- Coordinates: 37°55′04″N 092°41′41″W﻿ / ﻿37.91778°N 92.69472°W
- Country: United States
- State: Missouri
- County: Camden

Area
- • Total: 73.43 sq mi (190.17 km^{2})
- • Land: 72.36 sq mi (187.41 km^{2})
- • Water: 1.07 sq mi (2.76 km^{2}) 1.45%
- Elevation: 1,145 ft (349 m)

Population (2000)
- • Total: 2,466
- • Density: 34/sq mi (13.2/km^{2})
- FIPS code: 29-77038
- GNIS feature ID: 0766394

= Warren Township, Camden County, Missouri =

Township in the US state of Missouri

Warren Township is one of eleven townships in Camden County, Missouri, USA. As of the 2000 census, its population was 2,466.

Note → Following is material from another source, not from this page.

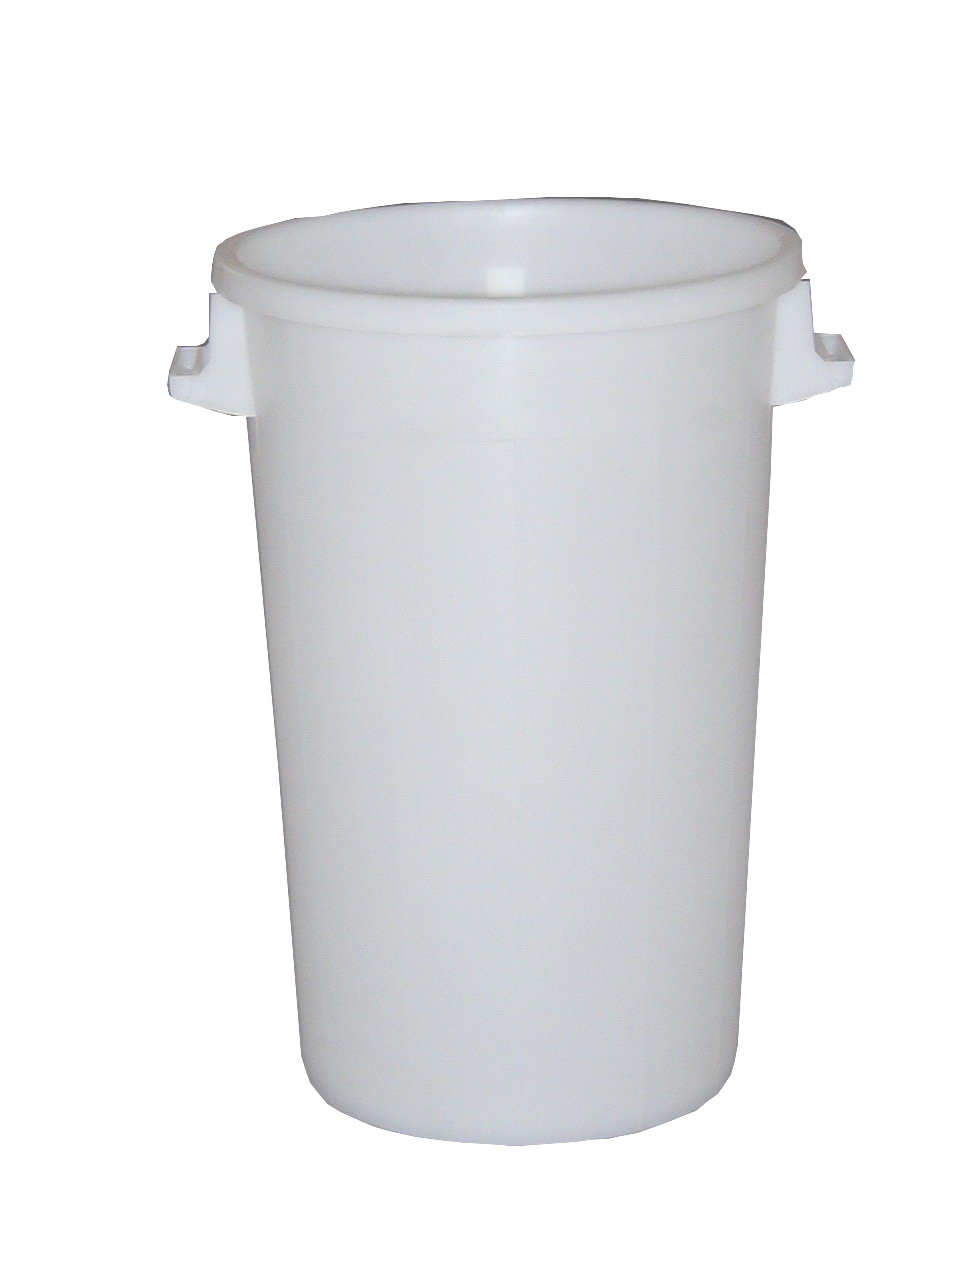 Abfallbehälter 150 Liter - Weiß

Warren Township was established in 1841, and most likely named after Joseph Warren.

==Geography==
Warren Township covers an area of 73.42 sqmi and contains no incorporated settlements. It contains seven cemeteries: Baker, Claiborne, Dickerson, Garrison, Lodge, Stone and Webster.

Trout Glen Pool is within this township. The streams of Arnold Branch, Bank Branch, Forbes Branch, Niangua River, Spencer Creek and Weaver Creek run through this township.

==Transportation==
Warren Township contains one airport or landing strip, Camdenton Memorial Airport.